The Greater Sudbury area has managed to keep unemployment levels relatively low, even with the ongoing lockdowns and restrictions imposed by the regional government. As of 2022, local unemployment figures were closer to 5.7%, with a reported 85,600 people employed out of the potential 90,400 Sudbury workforce.
Career opportunities, affordable living, and popular local destinations to visit rank Sudbury among the most suitable areas for many young people who are now ready to leave Toronto behind.
For some time now, Edmonton, Alberta has been ranked as having the highest average household income in Canada. With lower taxes, cheaper gasoline and diesel prices, and the average monthly cost of living being just under C$ 2,000 (without rent), Edmonton is growing in popularity as the younger workforce is relocating without hesitation.
Located about 220 kilometers from the Rocky Mountains, and the North Saskatchewan River which snakes through the city, Edmonton offers more than just attractive and high-paying job opportunities, as there’s plenty to do and enjoy for people from all generations.

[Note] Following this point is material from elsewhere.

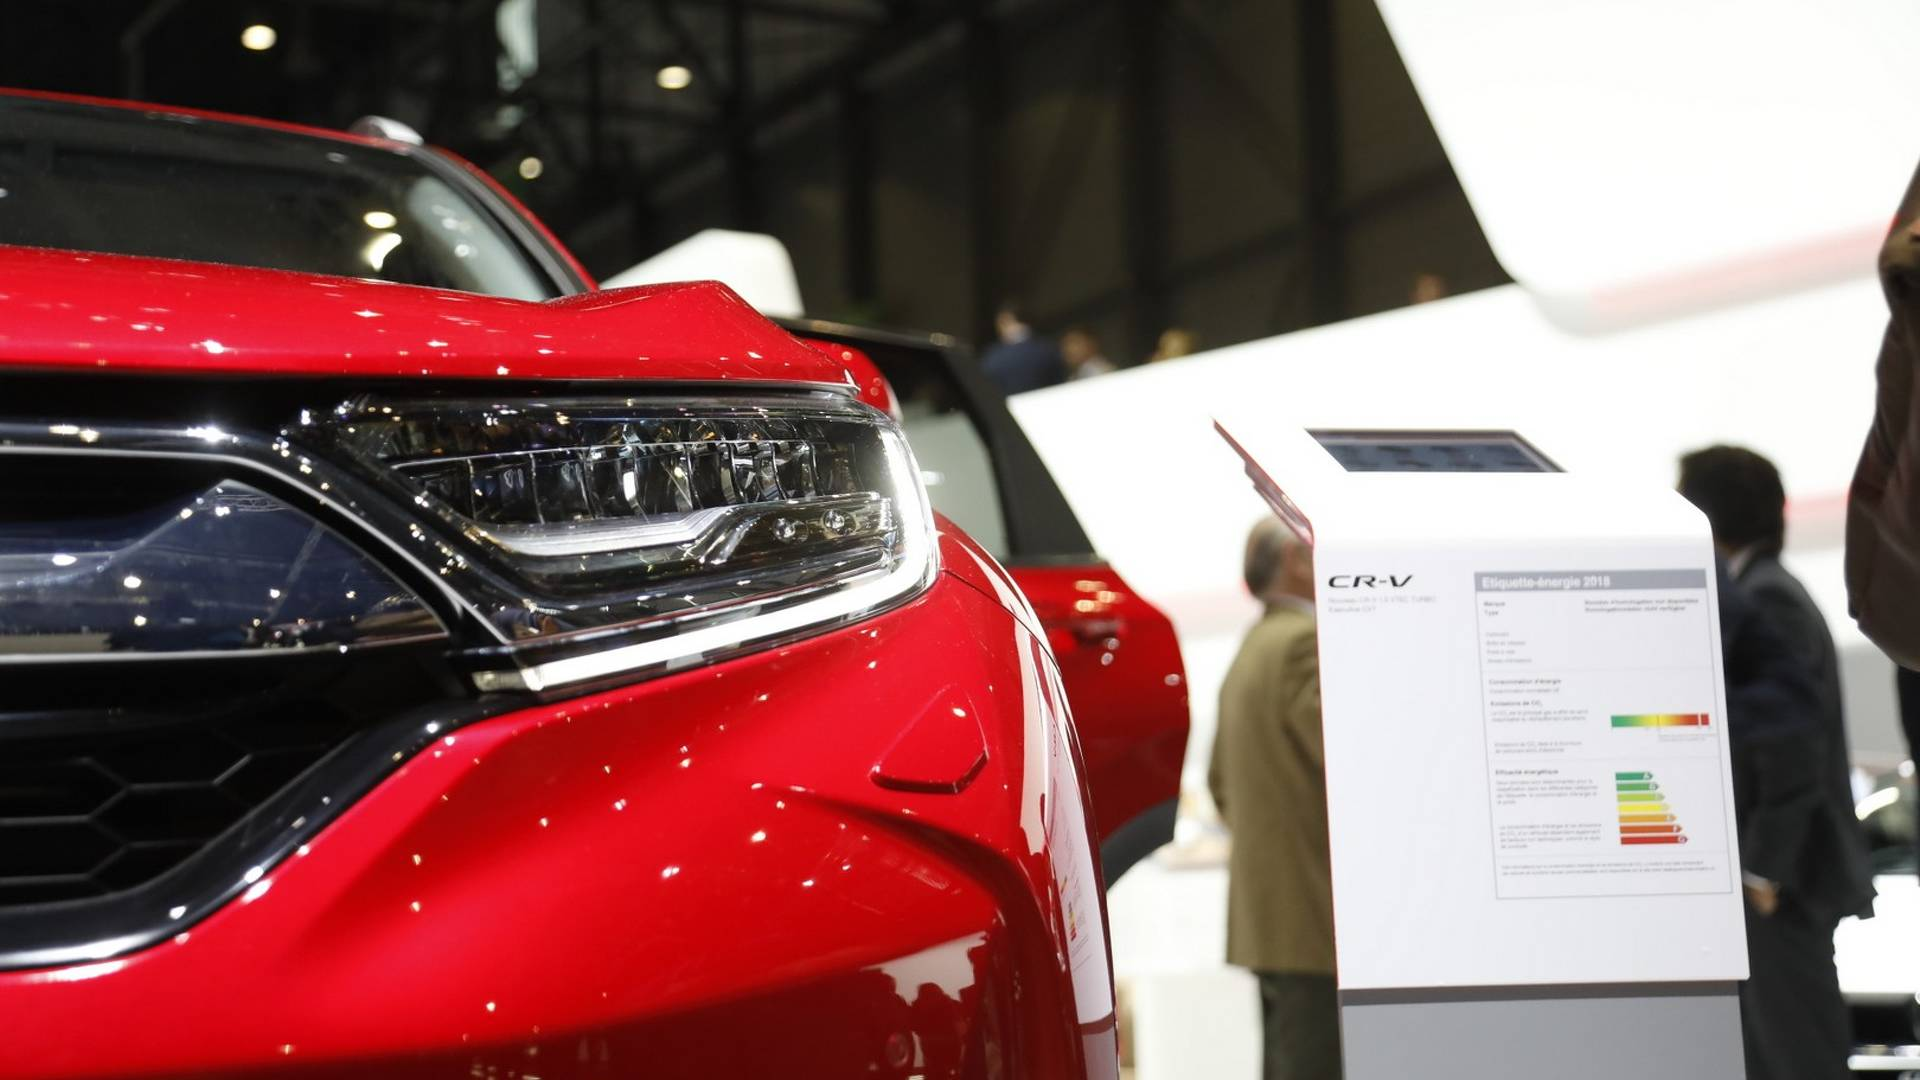 New Honda Cr V Euro Spec Live From Geneva Motor Show Hyundai 3 5l Engine Parts Breakdown

The more than one million inhabitants make Edmonton the largest city on our list. From the oil and gas industry to health, government and education, there’s a wide variety of government service-based jobs that attract younger crowds.
Great parks, biking trails, and a thriving arts and culture scene adds a lot of allure to the city’s personality. There’s a lot to do, see, and enjoy here, and for many of the younger population, Edmonton has continuously been the best place to relocate for quite some time.
The Bottom Line
While there are dozens of great cities and towns that play a key role in interprovincial migration, boasting attractive career opportunities, public amenities, and recreational activities, these are among the most popular, and widely sought-after places younger people are considering as their new home.
This list is based on various sources, and local statistics, which makes them a prominent choice for any person who’s ready to change their scenery and relocate somewhere different.
Moving from one city to another, one must consider the various factors which can impact the final decision. From affordability, real estate opportunities, jobs, schooling, public health, and a bustling social scene - it’s quite obvious that these cities have grown in popularity, not just for younger generations, but every Canadian or foreigner who’s ready to take the next big step in their life.